Гай смотрит на меня, его лицо раскраснелось и поблескивает в свете прикроватной лампы. Наверное, нужно дать ему полотенце. Он улыбается. Или, может быть, усмехается. Что-то среднее между тем и тем.
- О, это моя вина, - тихим голосом говорит он. - Конечно. Я был так глуп. Кюрил сиги, да? - Иногда он включает этот говор псевдо-джоди. «Кюрил сиги» - что значит «курил сигареты» или вариации этого - коронная его фраза.
Я ощущаю, как краснею, будто мое лицо пытается подражать его. Ненавижу, когда он вот так запросто меня считывает, когда мои мысли и чувства настолько для него прозрачны. Может, они точно так же прозрачны для всех! Это было бы еще хуже. Я отворачиваюсь, часто моргая, и беру еще одну упаковку таблеток, и задаю вопрос, принимал ли он их, но, кажется, он меня не слышит.

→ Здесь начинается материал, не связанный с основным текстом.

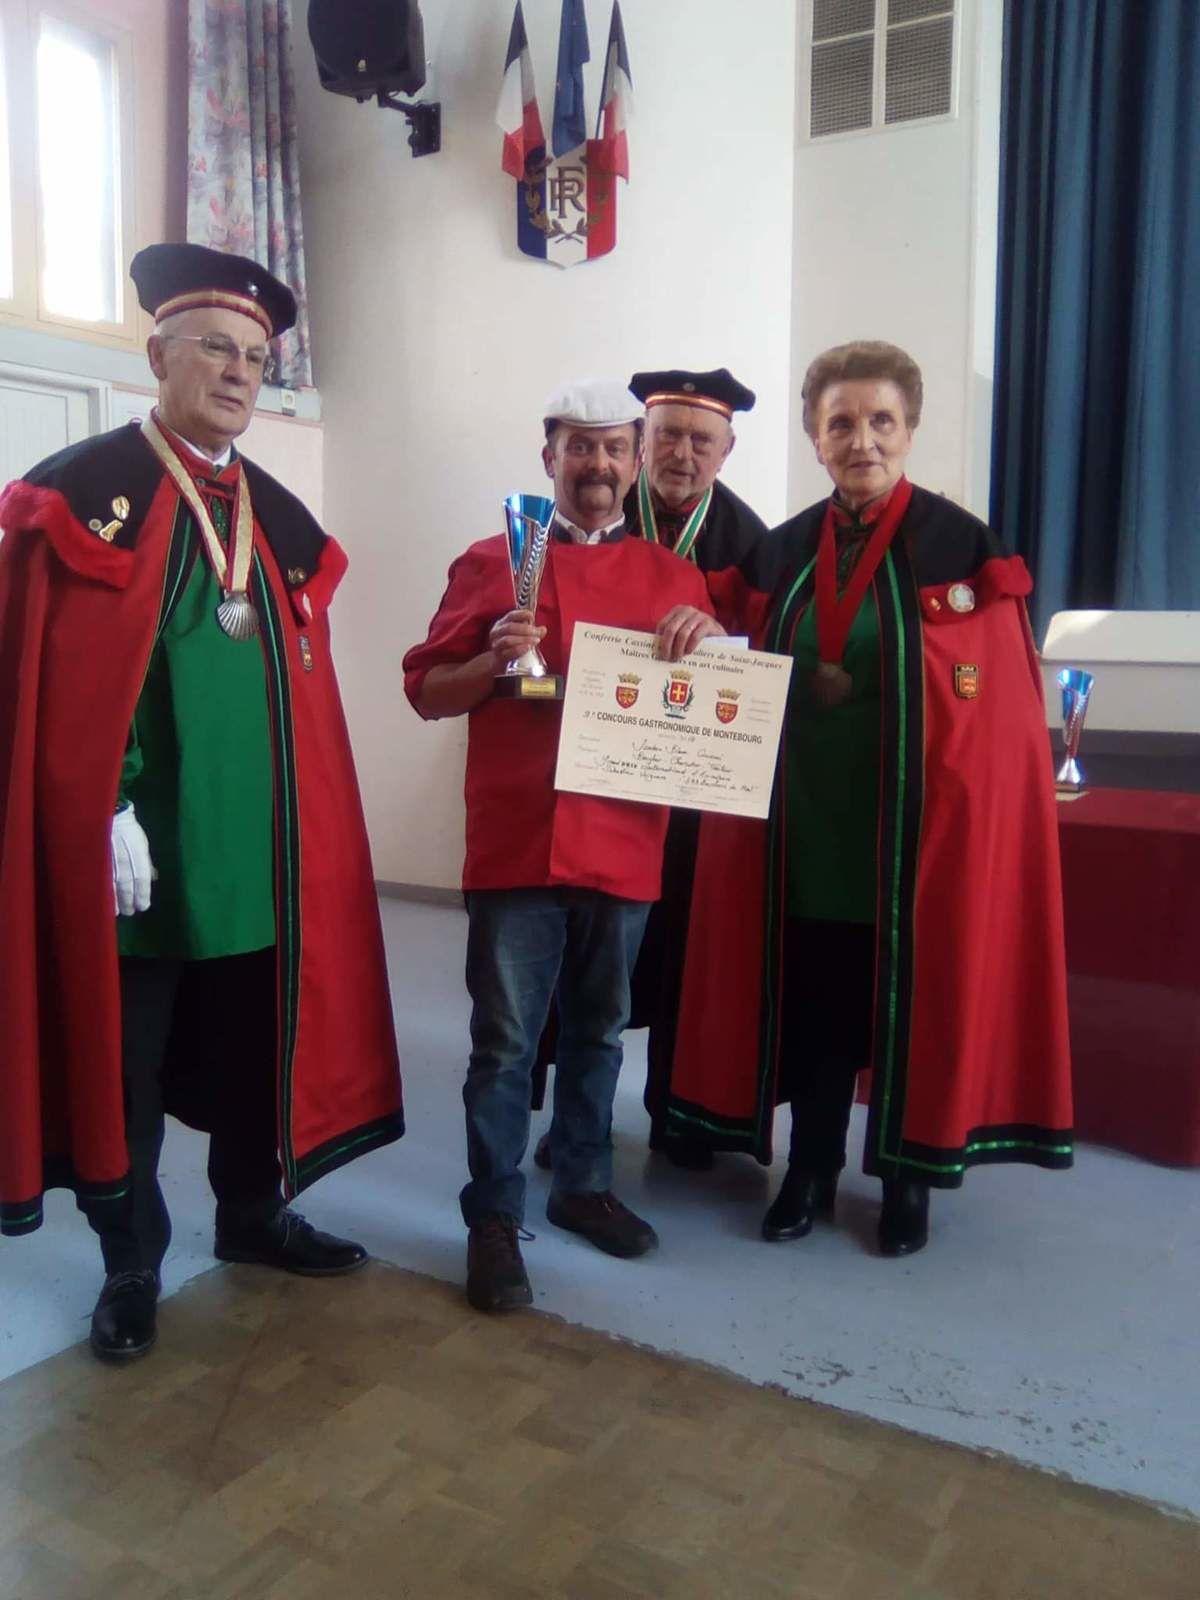 Sébastien Verguère, le boucher du Mail, a été cherché son prix, dans la Manche, celui du jambon blanc !

- Ты, блядь, понимаешь, что я не хочу помирать? - спрашивает он слабым и дрожащим голосом. Чувствую что-то вроде облегчения; я ожидал, что он набросится на меня и начнет брызгать слюной и кричать, что неужели я не знал, что люди получали проклятый рак легких еще до того, как было изобретено курение...

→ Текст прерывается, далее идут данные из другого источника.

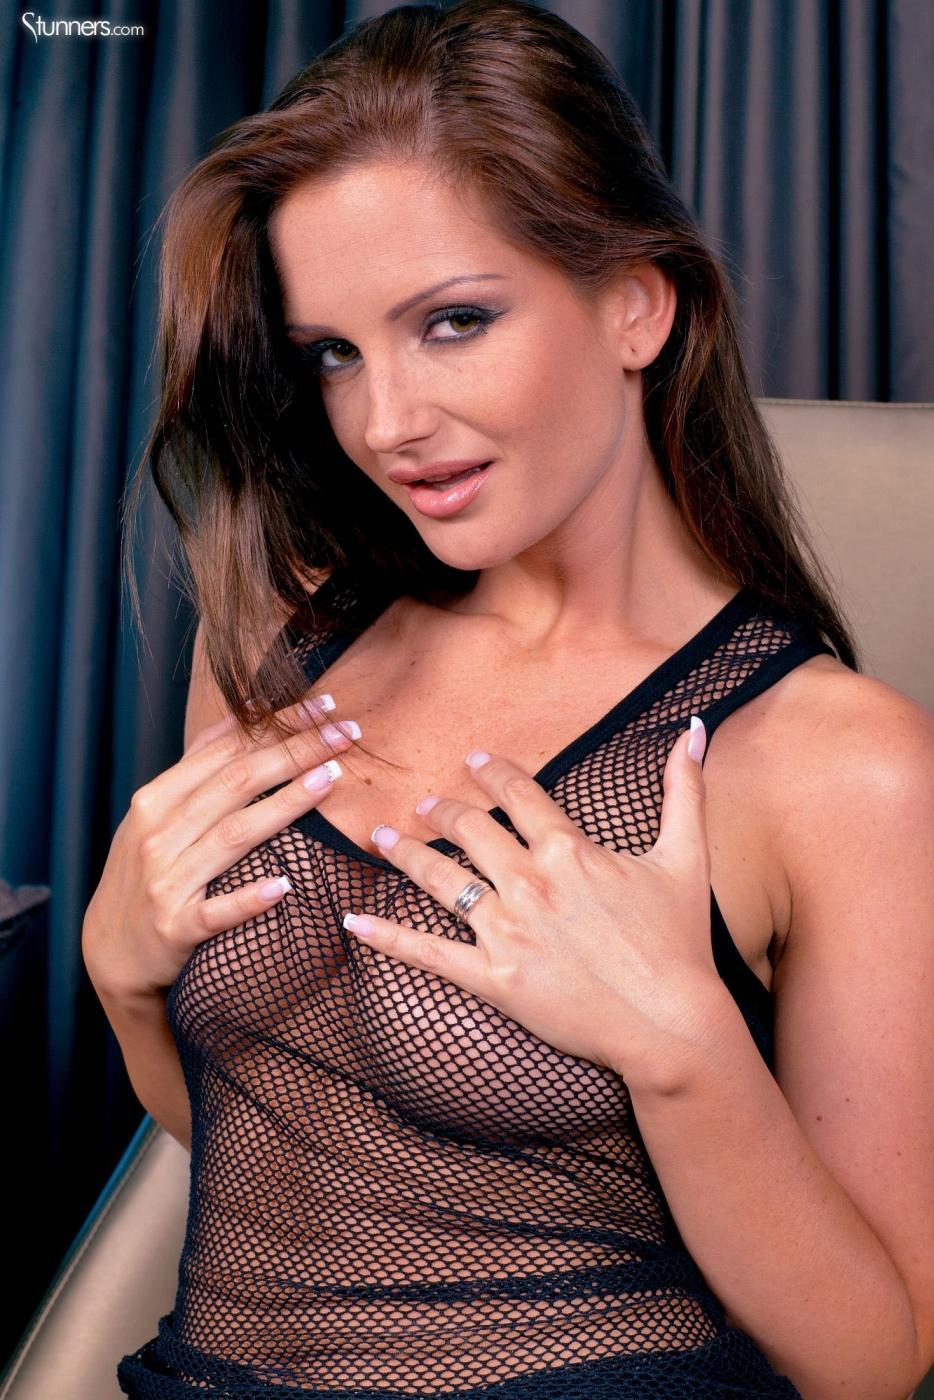 Сисястая сучка в прозрачном наряде Sandra Shine снимает трусики и показывает голую киску

Ладно, он не кричит, но я пожалуй что хотел бы этого, поскольку уже привык справляться с подобным, с его криками и плевками, но не понимаю, как совладать с ним, когда он говорит со мной столь глубоким, вдохновенным голосом. Не знаю, как справиться со всем этим вообще.

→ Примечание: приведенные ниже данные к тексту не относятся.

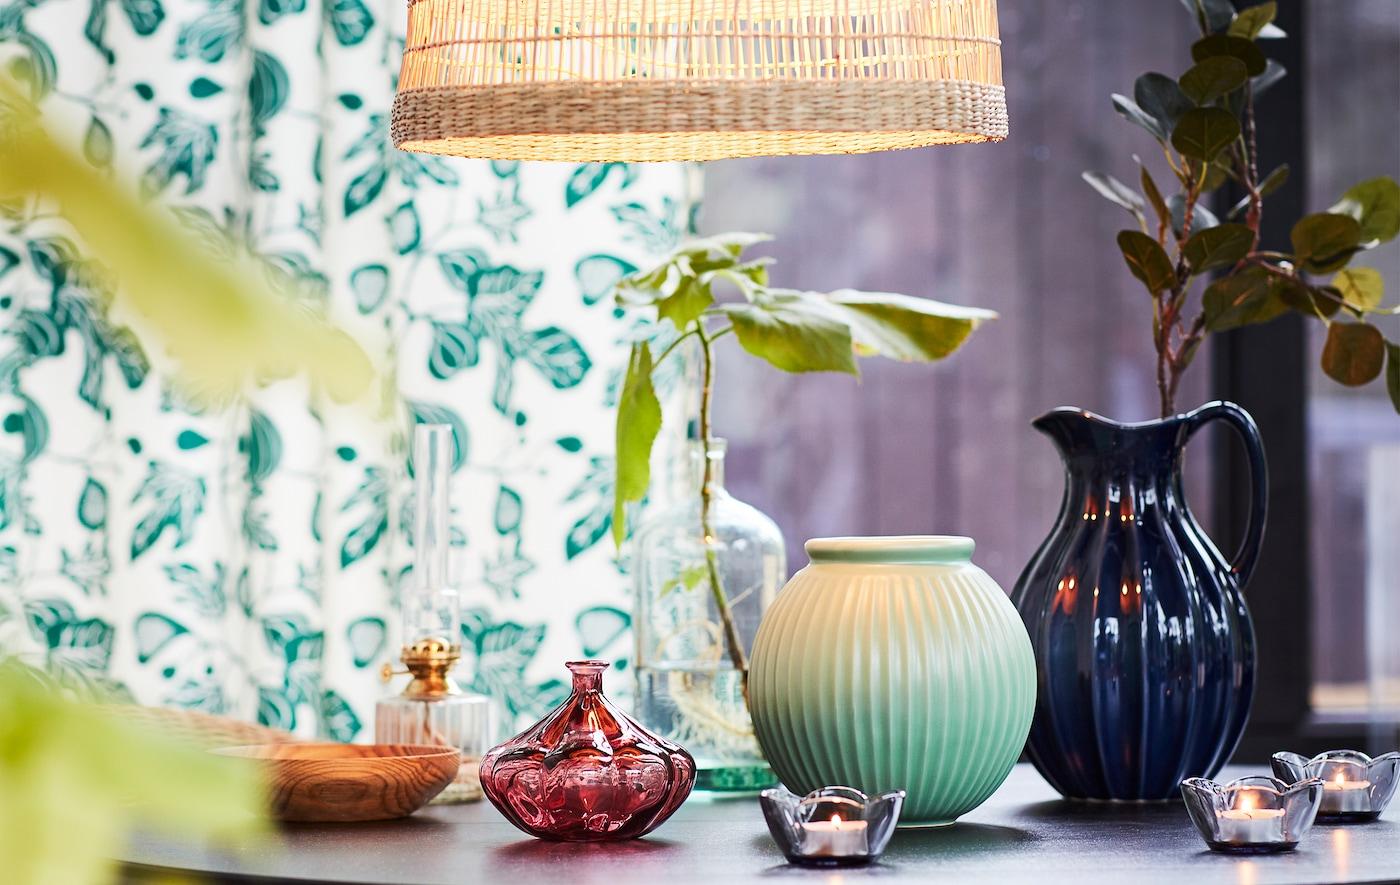 Une table décorée avec de petits vases et des bougies, du feuillage et des touches printanières.

- Кому, черт побери, хочется умереть? - вопрошает он, сверля меня взглядом. - Пока в жизни не случится что-то настолько плохое, что тебе покажется, что смерть - единственное, что остановит гребаный ужас? - Он переводит взгляд в темноту в дальнем конце комнаты. - Я напуган, блядь, до смерти, Кит. Это не мысли об аде или иной подобной херне; просто о гребаном несуществовании. Они не должны пугать, - ведь речь лишь о возвращении к тому состоянию, в котором ты был до рождения, до зачатия, - но они пугают, хочешь ты того или нет, словно твой мозг никак не может смириться с тем, что твоя жизнь не самая важная вещь во всем долбаном мире, во всей долбаной вселенной, и в панике от того, что когда она исчезнет, то исчезнет все. - Новый кашель. - Я ненавижу думать о том, что когда меня не станет, мир и все люди в нем продолжат радостно жить без меня. Черт, да как они смеют? У меня в запасе должно было быть еще сорок, пятьдесят лет! Меня обсчитали, и не похоже даже, чтобы какой-то другой говнюк выиграл от потерянного мною времени. Кругом один чертов обман, со всех сторон.
Он смотрит на меня.
- Разрази меня хер, - тихо говорит он. - Ты действительно разнюнился. Довел собственные плоть и кровь до слез.
Я громко шмыгаю носом.
- Мне очень жаль, - говорю я. - По крайней мере, я успел узнать, что ты мой папа.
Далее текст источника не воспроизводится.